The American Academy of Pediatrics on Wednesday also urged that kids 12 and older get the Pfizer vaccine – and agreed that it’s fine to give more than one vaccine at the same time, especially for kids who are behind on their regular vaccinations.
Children are far less likely than adults to get seriously ill from COVID-19 — but they do sometimes die, and thousands have been hospitalized. By last month, those ages 12 to 17 were making up slightly more of the nation’s new coronavirus infections than adults over 65, a group that’s now largely vaccinated.
The two-dose vaccine made by Pfizer and its German partner BioNTech was studied in more than 2,000 kids ages 12 to 15. There were no cases of COVID-19 among vaccinated kids compared with 16 in the group given dummy shots. Kids also developed higher levels of virus-fighting antibodies than vaccinated adults.
Side effects are the same as adults experience, mostly sore arms and flu-like fever, chills or aches that signal the immune system is revving up.

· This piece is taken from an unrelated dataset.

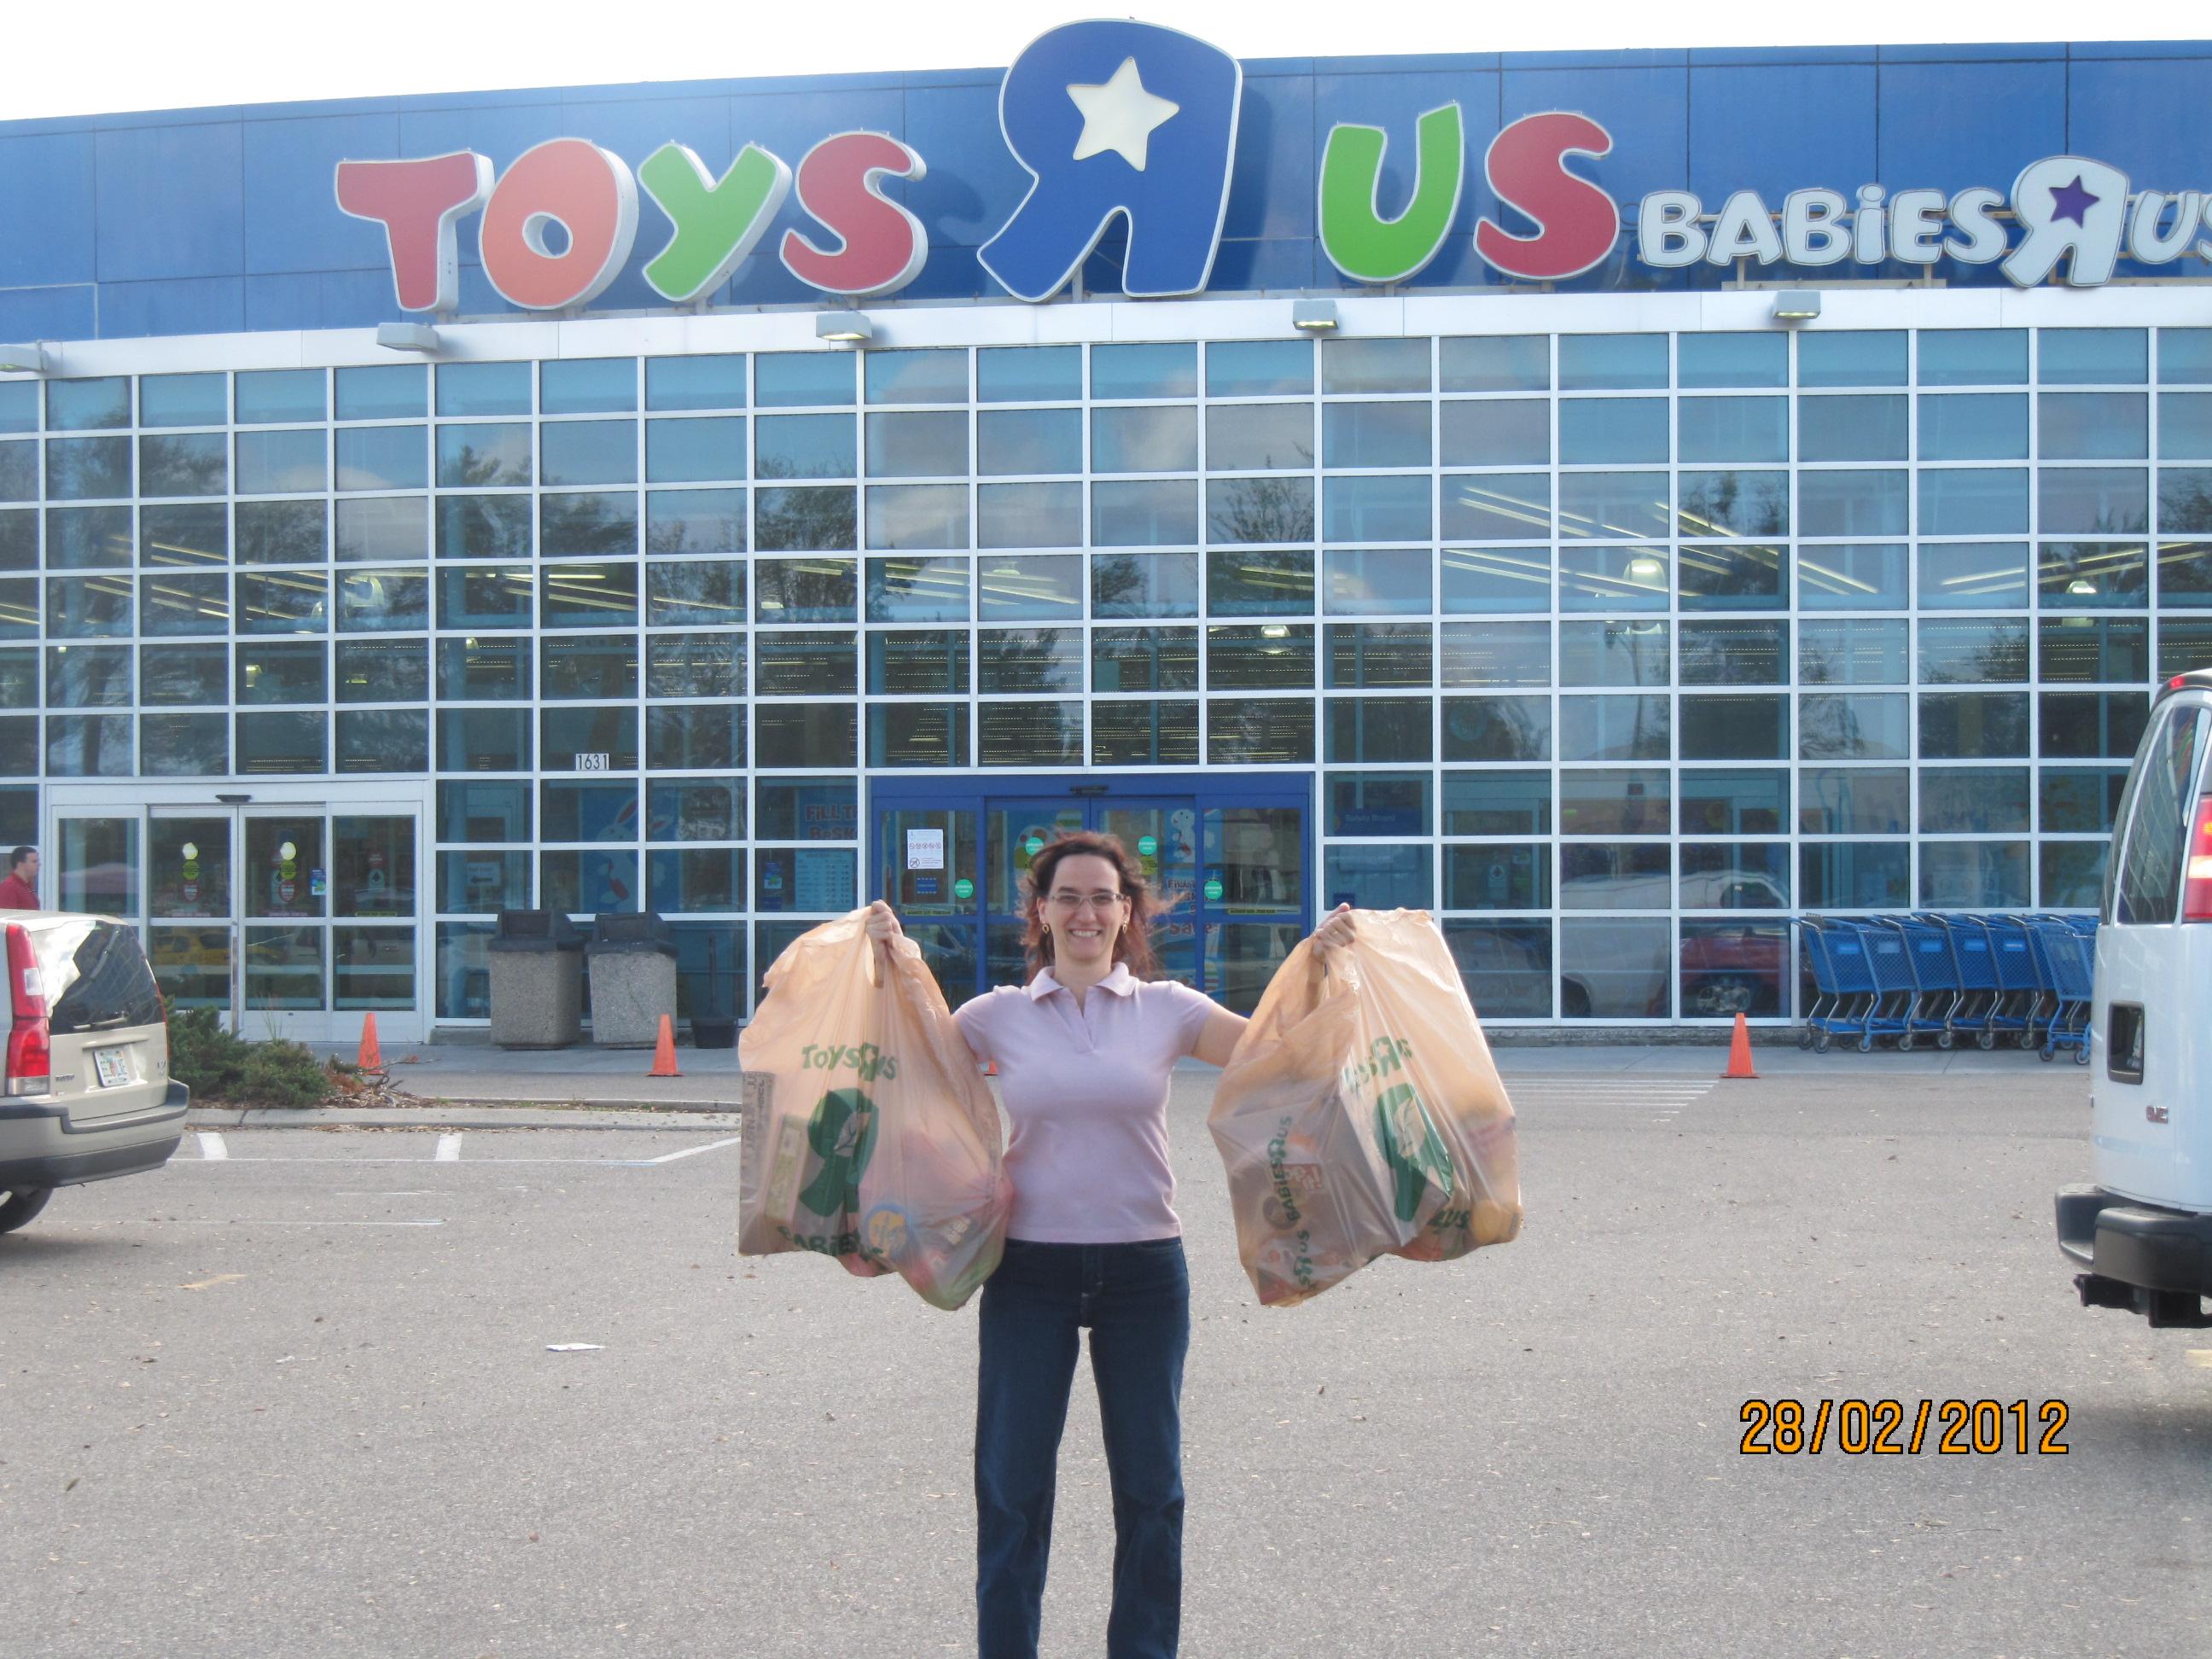 Toys R Us - o paraíso dos brinquedos!

CDC’s advisers did caution that those temporary shot reactions may be even more common if people get a COVID-19 shot at the same time as another vaccination.
President Joe Biden hailed Wednesday’s vote, noting that means 17 million more people in the U.S. now qualify to get vaccinated.

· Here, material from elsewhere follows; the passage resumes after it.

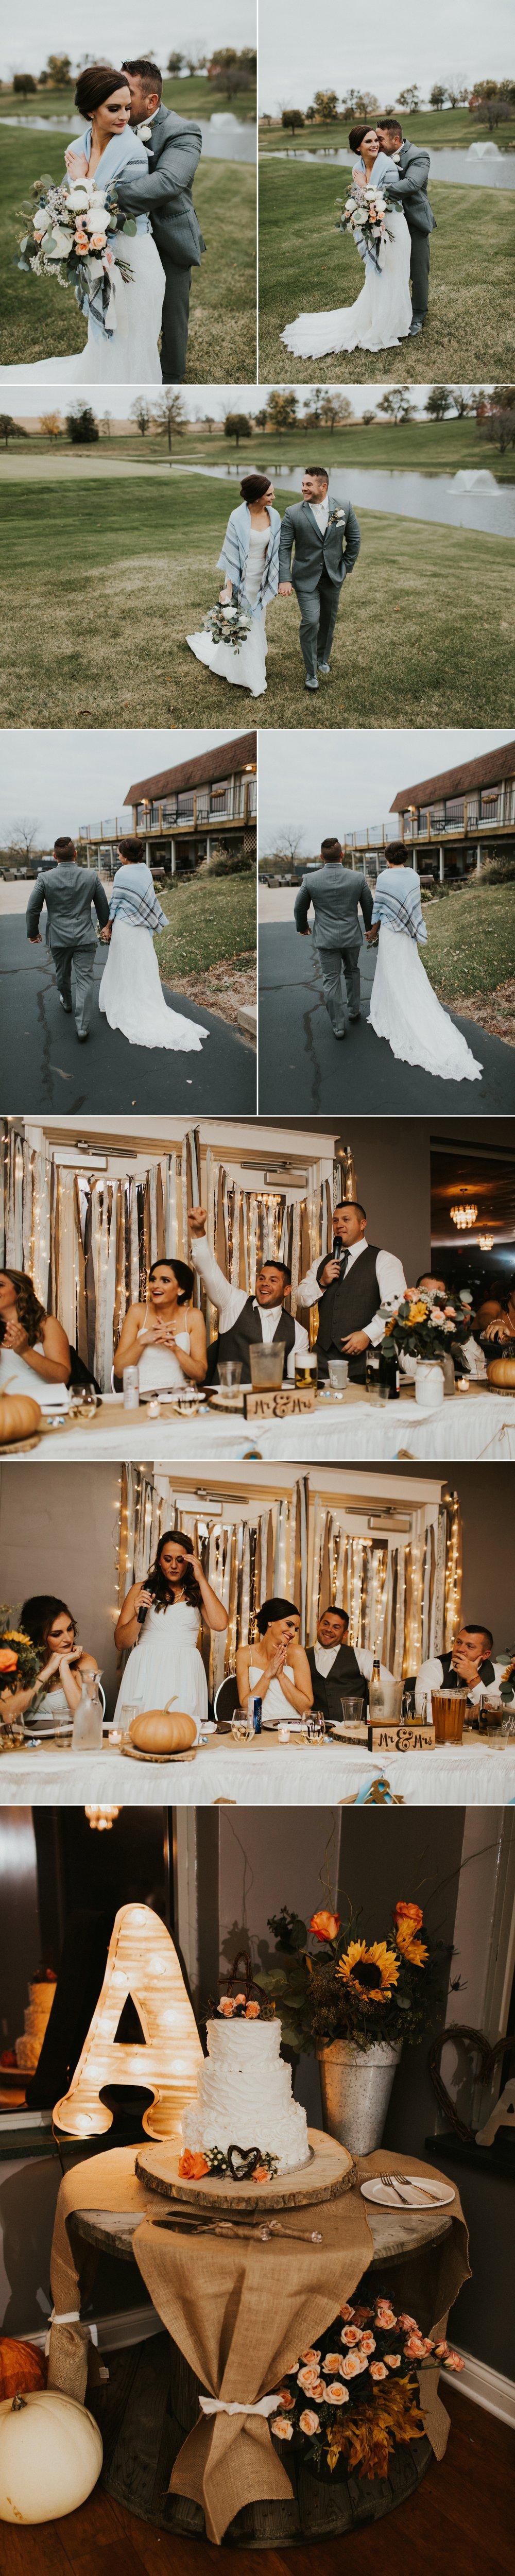 The Ault Wedding 13.jpg

“I encourage their parents to make sure they get the shot,” he said. “As I promised last week, we’re ready. This new population is going to find the vaccine rollout fast and efficient.”
In addition to the mass vaccination sites and health department rollouts that were key for adults, many states will be offering kids more familiar options — shipping doses to pediatricians and even to schools.
Pfizer is not the only company seeking to lower the age limit for its vaccine. Moderna recently said preliminary results from its study in 12- to 17-year-olds show strong protection and no serious side effects, data the FDA will need to scrutinize.
As for even younger children, both companies have begun tests in youngsters ages 6 months to 11 years. Those studies explore if different doses are needed at the youngest ages, and FDA plans to hold a public meeting next month to debate exactly what evidence is needed.
Detroit News Staff Writers Beth LeBlanc and Sarah Rahal contributed.